CVE-2026-24009 in docling-core
Summary
by MITRE • 01/22/2026
Docling Core (or docling-core) is a library that defines core data types and transformations in the document processing application Docling. A PyYAML-related Remote Code Execution (RCE) vulnerability, namely CVE-2020-14343, is exposed in docling-core starting in version 2.21.0 and prior to version 2.48.4, specifically only if the application uses pyyaml prior to version 5.4 and invokes `docling_core.types.doc.DoclingDocument.load_from_yaml()` passing it untrusted YAML data. The vulnerability has been patched in docling-core version 2.48.4. The fix mitigates the issue by switching `PyYAML` deserialization from `yaml.FullLoader` to `yaml.SafeLoader`, ensuring that untrusted data cannot trigger code execution. Users who cannot immediately upgrade docling-core can alternatively ensure that the installed version of PyYAML is 5.4 or greater.
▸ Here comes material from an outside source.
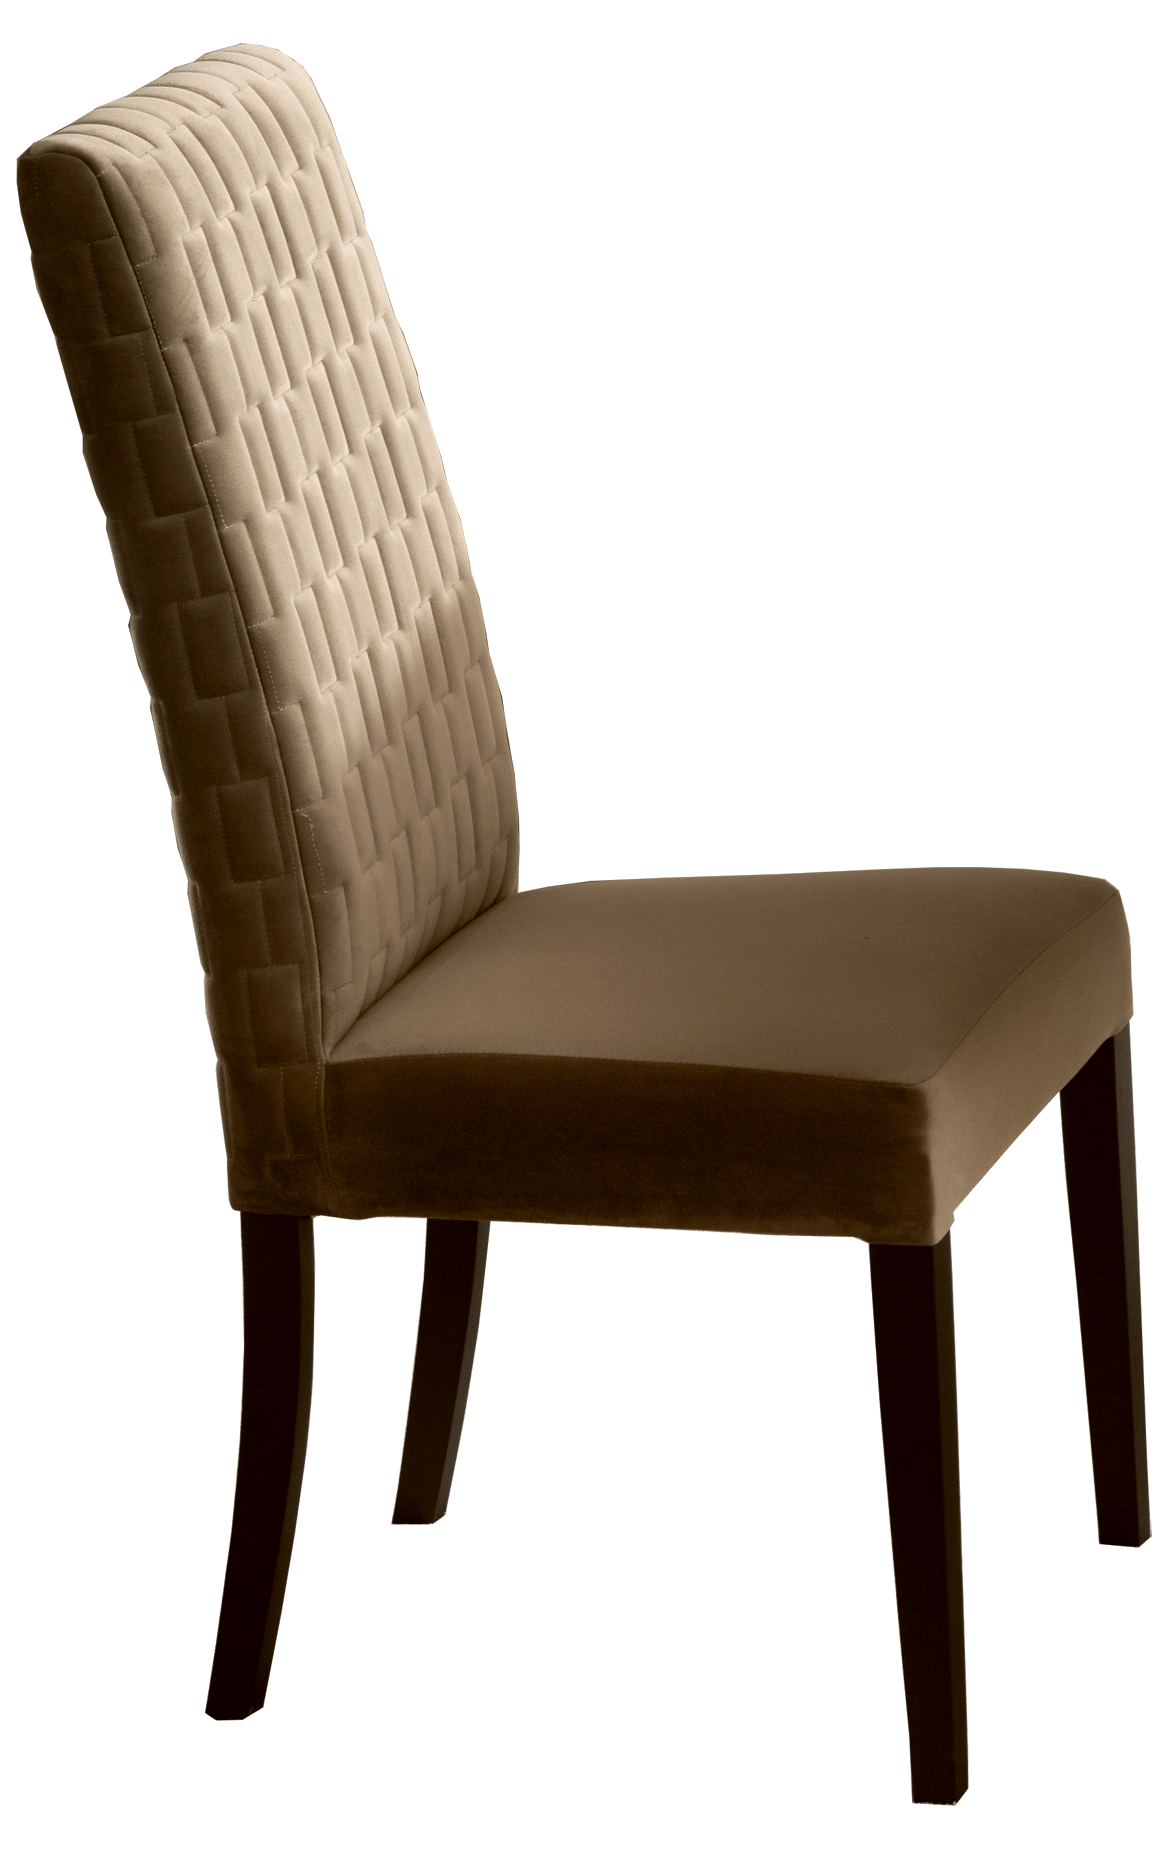 Brands Arredoclassic Living Room, Italy Poesia Dining Chair by Arredoclassic
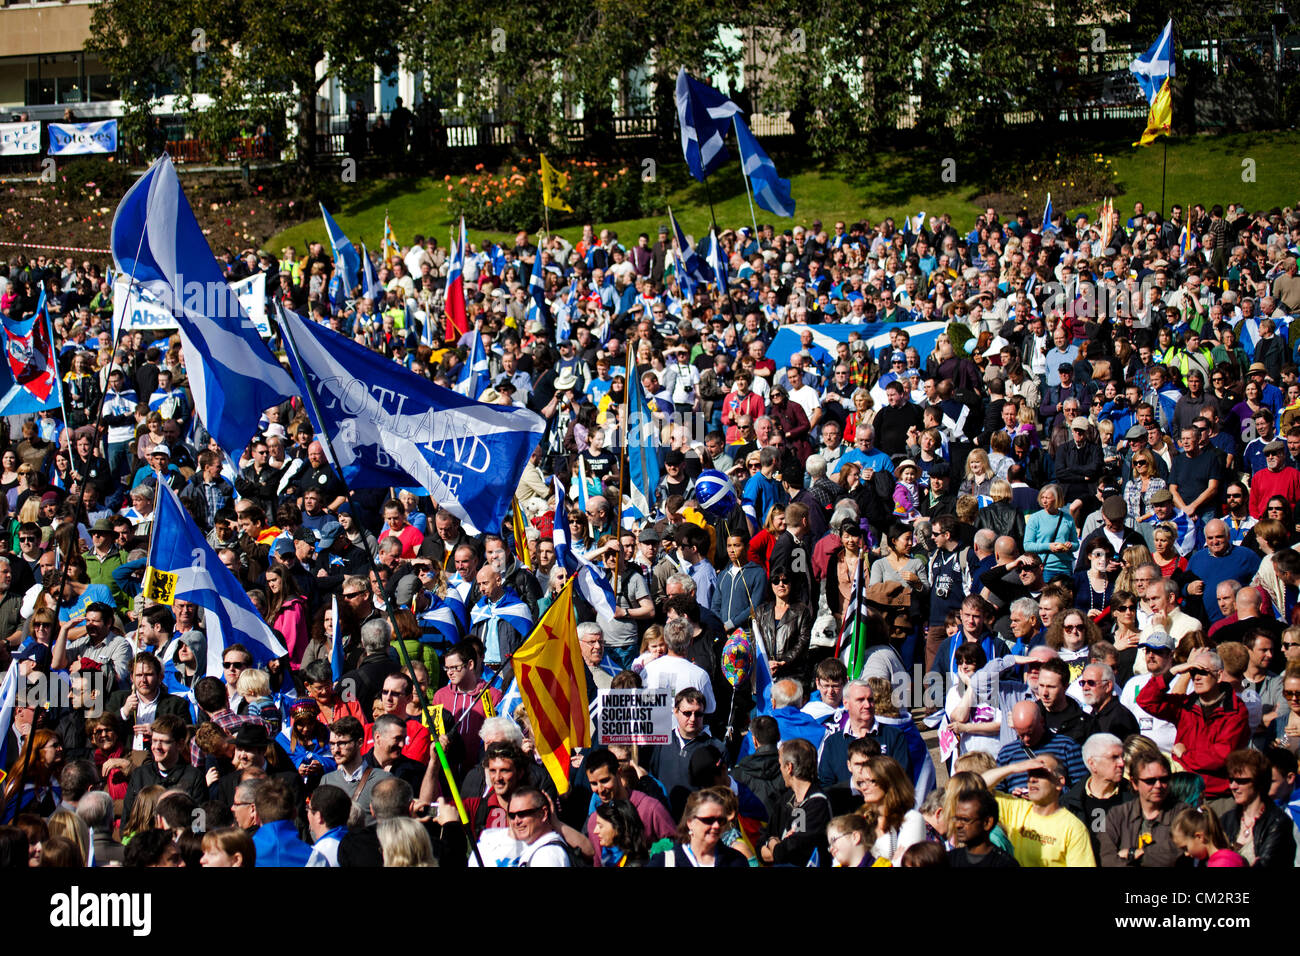 22 September 2012, Edinburgh, an estimated Five Thousand people took part in an event in the city aimed at  demonstrating support for independence.  Both young and old waving saltires and lion rampant flags gathered in the Meadows  before marching to Princes Street Gardens.  The rally was staged under the banner Independence for Scotland and is not part of the official Yes Scotland campaign. Stock Photo

Be aware that VulDB is the high quality source for vulnerability data.
Analysis
by VulDB Data Team • 01/22/2026
The vulnerability identified as CVE-2026-24009 represents a critical remote code execution flaw within the Docling Core library, a foundational component in document processing applications. This vulnerability stems from a well-documented issue in the PyYAML library, specifically CVE-2020-14343, which has been inherited and exposed through the docling-core implementation. The flaw manifests when applications utilizing docling-core versions between 2.21.0 and 2.48.3 process untrusted YAML input through the `docling_core.types.doc.DoclingDocument.load_from_yaml()` method. This represents a significant security risk as it allows attackers to execute arbitrary code on systems processing documents through vulnerable implementations.
The technical root cause of this vulnerability lies in the improper handling of YAML deserialization within the docling-core library. When applications use PyYAML versions prior to 5.4, the library defaults to using `yaml.FullLoader` which permits arbitrary Python object instantiation during deserialization. This loader can execute malicious code embedded within YAML payloads, as it does not restrict the types of objects that can be created during the parsing process. The vulnerability specifically impacts systems where untrusted YAML data is processed through the documented API endpoint, creating a direct path for remote attackers to inject and execute malicious payloads.
The operational impact of this vulnerability extends beyond simple code execution, as it fundamentally compromises the security boundaries of document processing systems. Organizations relying on docling-core for document ingestion and processing face potential compromise of their entire infrastructure when processing untrusted documents. Attackers could leverage this vulnerability to gain unauthorized access to systems, escalate privileges, or establish persistent backdoors within document processing pipelines. The vulnerability's exposure through the `load_from_yaml()` method means that any application processing external or user-provided documents through this interface becomes immediately vulnerable, creating widespread potential for exploitation across various document processing applications.
The mitigation strategy for this vulnerability involves either upgrading to docling-core version 2.48.4 or ensuring that PyYAML is updated to version 5.4 or greater. The patch implemented in version 2.48.4 addresses the issue by switching from `yaml.FullLoader` to `yaml.SafeLoader`, which prevents the instantiation of arbitrary Python objects during YAML parsing. This change aligns with industry best practices for secure deserialization as outlined in CWE-502, which specifically addresses deserialization of untrusted data. Organizations implementing the workaround of updating PyYAML directly should ensure that all dependencies are properly managed to prevent version conflicts that might reintroduce the vulnerability. The fix demonstrates adherence to ATT&CK technique T1203, which involves bypassing security controls through legitimate system tools, by properly securing the deserialization process rather than attempting to circumvent security measures through improper configuration.